PTAB trial practice is a bit like the Wild West. When Congress gave us this brand new law, we all became pioneers trying to figure out how it should work. Nearly every proceeding involves something that is not specifically addressed in the statute or rules, providing opportunities to be creative and collaborate with the Board and sometimes even opposing counsel to shape the practice. In one case, we proposed a new type of motion to the Board, and the panel promptly asked us to file a short memo explaining how this new procedure should work under the statutory provisions. More recently, the Federal Circuit and Supreme Court have taken an interest in the nuances of PTAB trial practice. In one particularly fun argument, Judges Newman and Prost spent nearly 20 minutes questioning us about how motions to amend really work, and now the en banc Court will be taking up that issue. So much more to explore!
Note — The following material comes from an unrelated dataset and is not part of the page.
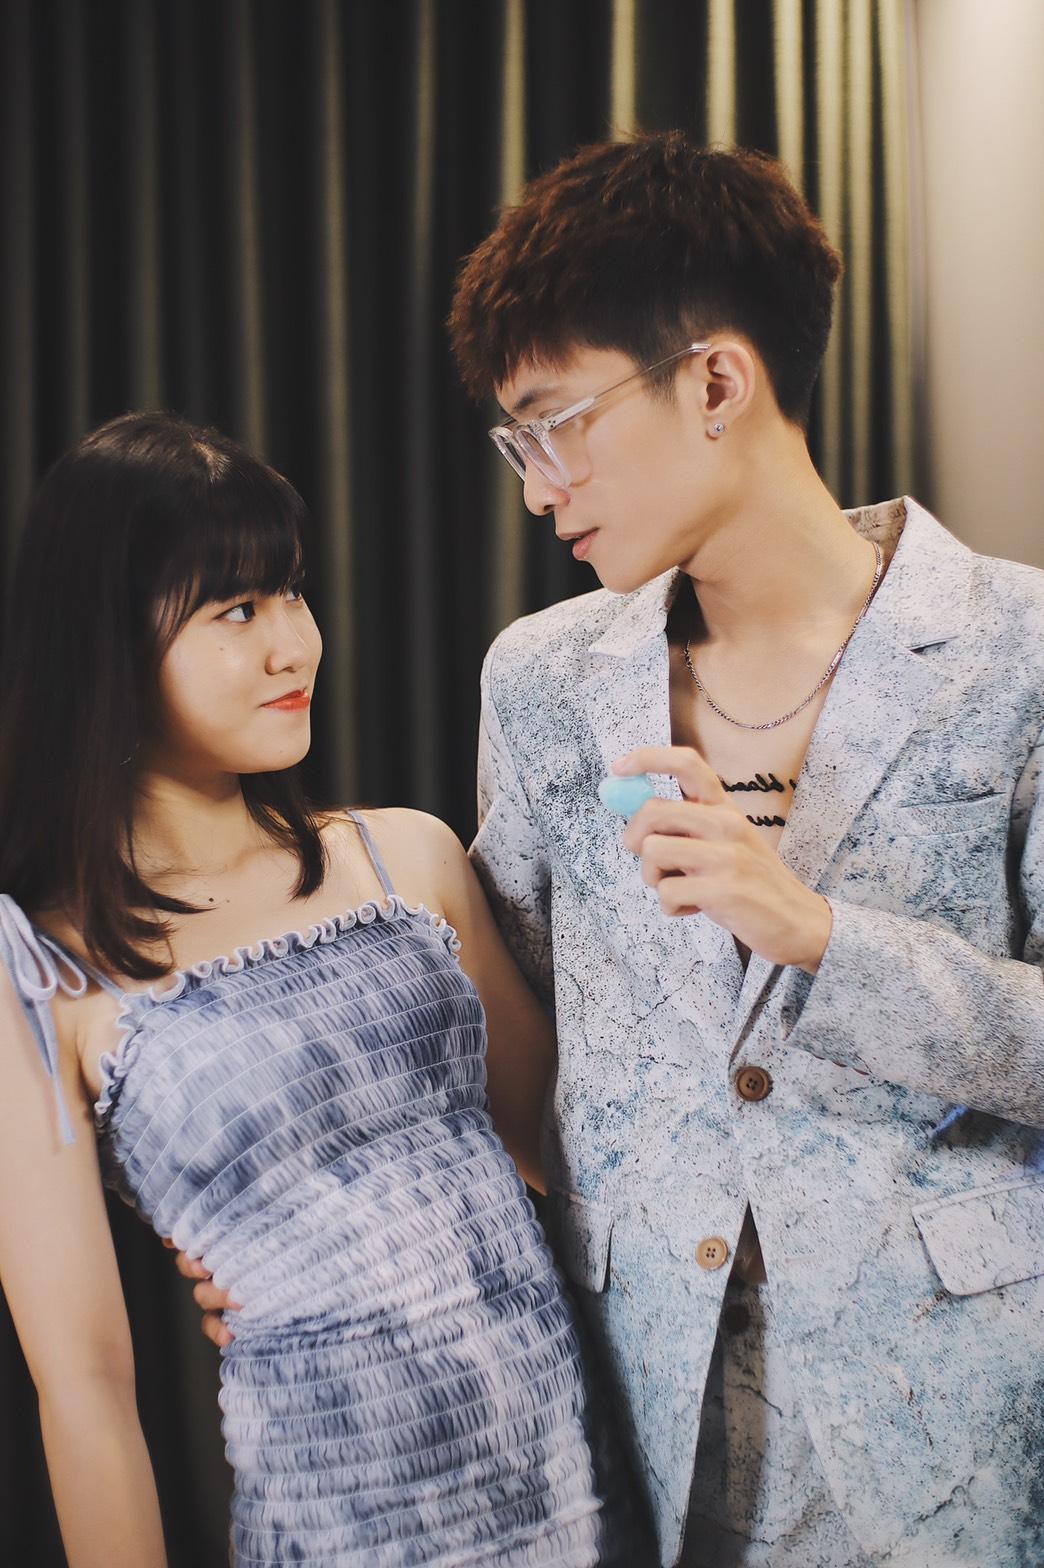 Thái Vũ, Nhung Gumiho, Trang Lou - những gương mặt đi đầu trong làng đu trend chụp ảnh với đá viên hot hit trên MXH - Ảnh 4.

Law School Doesn't Teach How to Form A Bar Association, But with the Help and Collaboration of Over 45 Law Firms, We Figured It Out.
After litigating patent cases in district court for more than 25 years, a profound shift in my practice started in 2014 as I began to litigate proceedings at the PTAB. After a number of trial hearings, I noticed a few ways the process might be improved and wondered if others in the legal community had similar concerns and experiences. To my surprise, I couldn't find a directory of PTAB practitioners or any bar association dedicated to addressing issues related solely to the PTAB. Shouldn't there be one?
On February 19th, 2016, a kick-off conference call occurred with a handful of PTAB practitioners to explore whether they felt similarly. They did. Our first action was the creation of an organizational charter to provide a unified voice for all stakeholders to participate in the formation of a PTAB bar association. More than 45 law firms (and several companies) quickly signed on, and in less than seven months we launched the PTAB Bar Association.
I have been humbled by the level of commitment and effort by so many of the legal community to fulfill our mission of launching this association and making this bar association a success.